The original SummarizedExperiment containing either gene symbol or miR annotations is replaced or supplemented by a RangedSummarizedExperiment for those that could be mapped to GRanges, and optionally another SummarizedExperiment for annotations that could not be mapped to GRanges.

qreduceTCGA

Using TxDb.Hsapiens.UCSC.hg19.knownGene as the reference, qreduceTCGA reduces the data by applying either the weightedmean or nonsilent function (see below) to non-mutation or mutation data, respectively. Internally, it uses RaggedExperiment::qreduceAssay() to reduce the ranges to the gene-level.

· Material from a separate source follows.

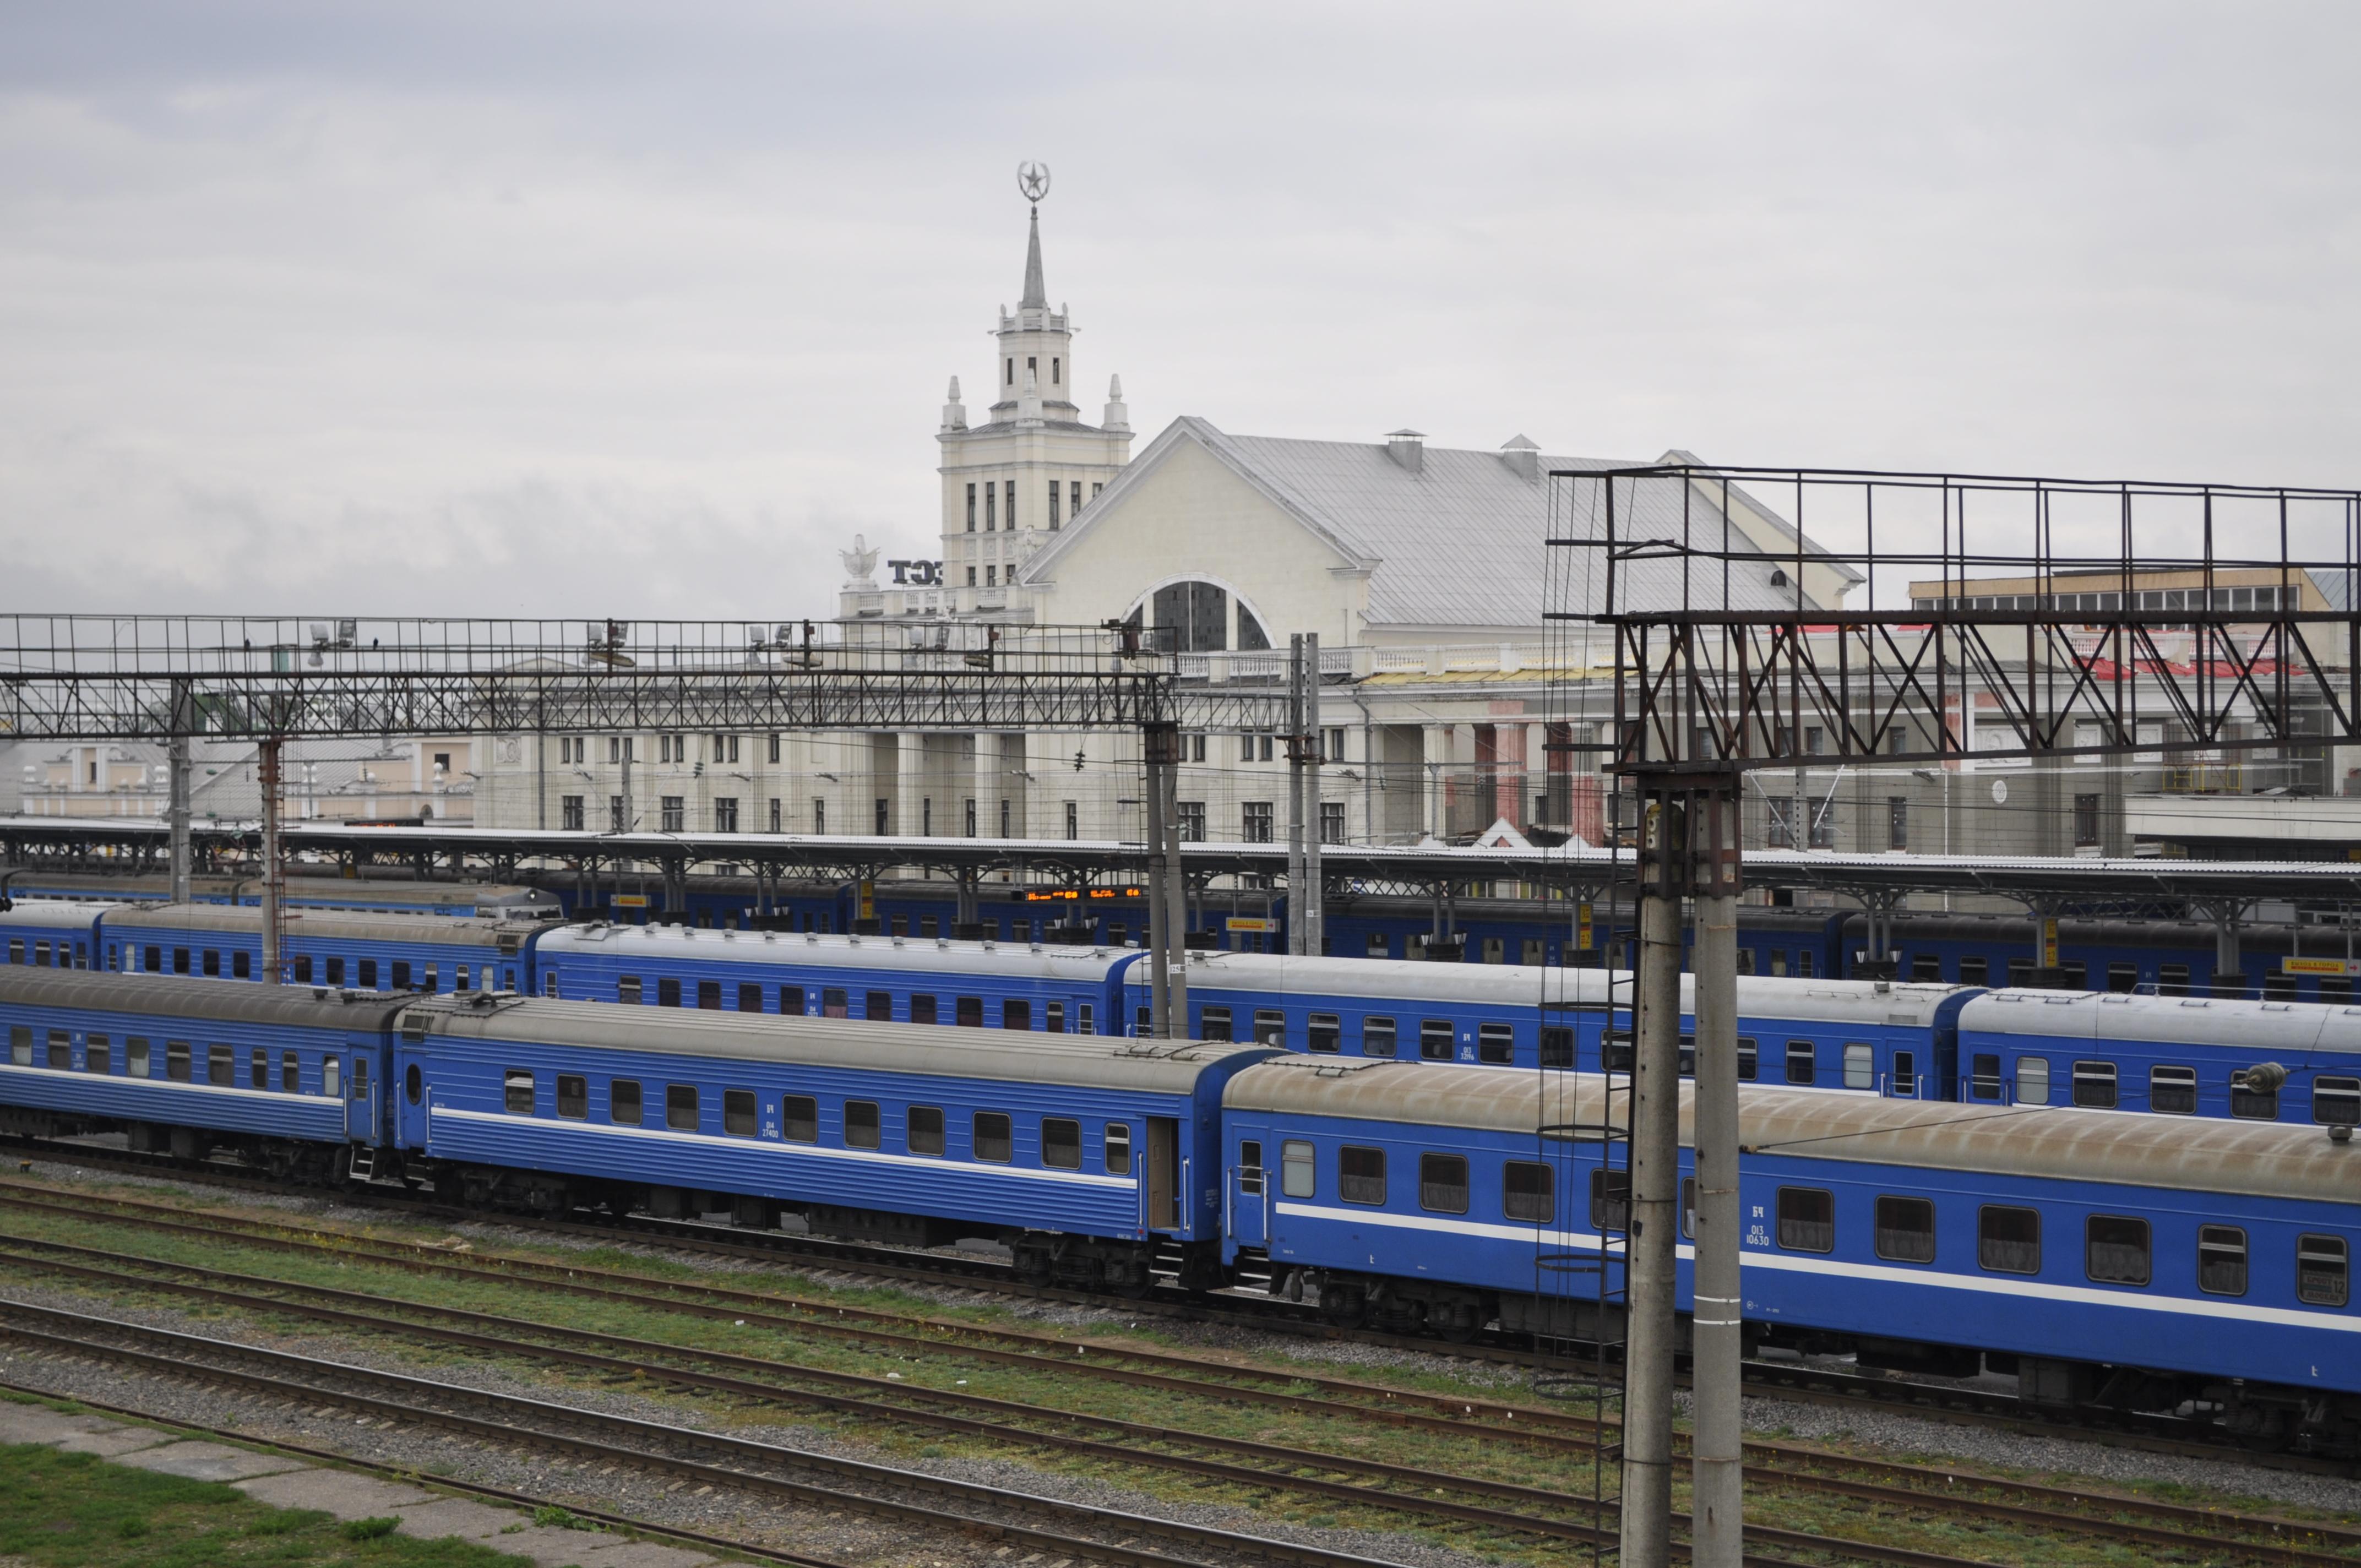 Railway station, Railway, Station, Tracks, Trains, HQ Photo

qreduceTCGA will update genome(x) based on the NCBI reference annotation which includes the patch number, e.g., GRCh37.p14, as provided by the seqlevelsStyle setter, seqlevelsStyle(gn) <- "NCBI". qreduceTCGA uses the NCBI genome annotation as the default reference.

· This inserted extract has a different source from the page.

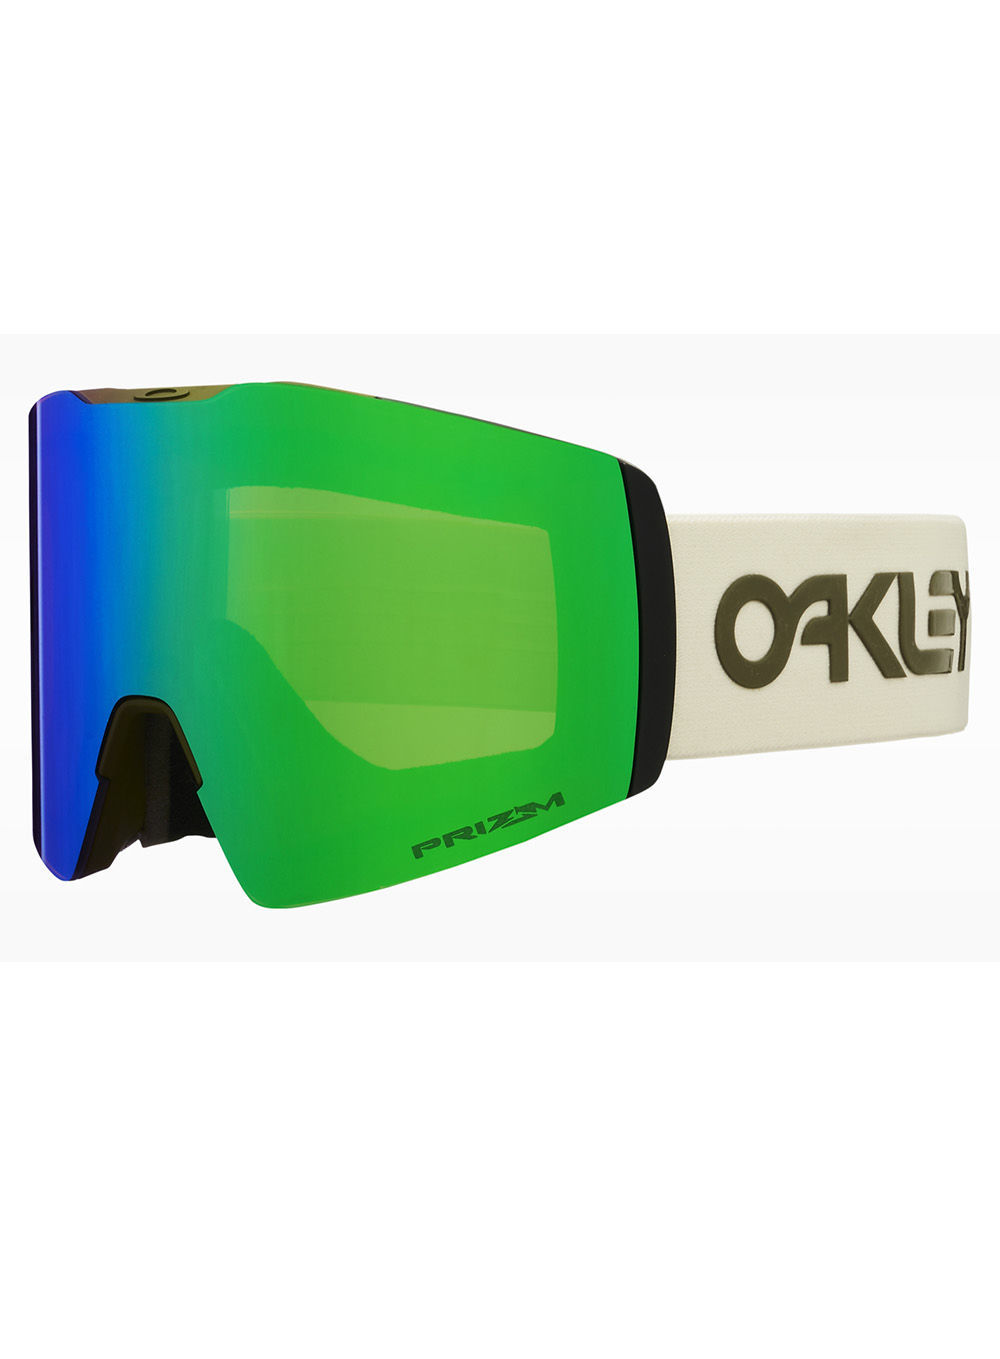 Bilde av Oakley Fall Line XL FP, DKBrsh Grey w/Prizm Jade GBL

nonsilent <- function(scores, ranges, qranges)
    any(scores != "Silent")

RaggedExperiment mutation objects become a genes by patients RangedSummarizedExperiment object containing '1' if there is a non-silent mutation somewhere in the gene, and '0' otherwise as obtained from the Variant_Classification column in the data.

weightedmean <- function(scores, ranges, qranges) {
    isects <- GenomicRanges::pintersect(ranges, qranges)
    sum(scores * BiocGenerics::width(isects)) /
        sum(BiocGenerics::width(isects))
}

"CNA" and "CNV" segmented copy number are reduced using a weighted mean in the rare cases of overlapping (non-disjoint) copy number regions.

These functions rely on TxDb.Hsapiens.UCSC.hg19.knownGene and org.Hs.eg.db to map to the 'hg19' NCBI build. Use the liftOver procedure for datasets that are provided against a different reference genome (usually 'hg18'). See an example in the vignette.

Author

L. Waldron

Examples


library(curatedTCGAData)
library(GenomeInfoDb)

accmae <-
    curatedTCGAData(diseaseCode = "ACC",
    assays = c("CNASNP", "Mutation", "miRNASeqGene", "GISTICT"),
    version = "1.1.38",
    dry.run = FALSE)
#> Querying and downloading: ACC_CNASNP-20160128
#> see ?curatedTCGAData and browseVignettes('curatedTCGAData') for documentation
#> loading from cache
#> Querying and downloading: ACC_miRNASeqGene-20160128
#> see ?curatedTCGAData and browseVignettes('curatedTCGAData') for documentation
#> loading from cache
#> Querying and downloading: ACC_Mutation-20160128
#> see ?curatedTCGAData and browseVignettes('curatedTCGAData') for documentation
#> loading from cache
#> Querying and downloading: ACC_colData-20160128
#> see ?curatedTCGAData and browseVignettes('curatedTCGAData') for documentation
#> loading from cache
#> Querying and downloading: ACC_metadata-20160128
#> see ?curatedTCGAData and browseVignettes('curatedTCGAData') for documentation
#> loading from cache
#> Querying and downloading: ACC_sampleMap-20160128
#> see ?curatedTCGAData and browseVignettes('curatedTCGAData') for documentation
#> loading from cache
#> harmonizing input:
#>   removing 655 sampleMap rows not in names(experiments)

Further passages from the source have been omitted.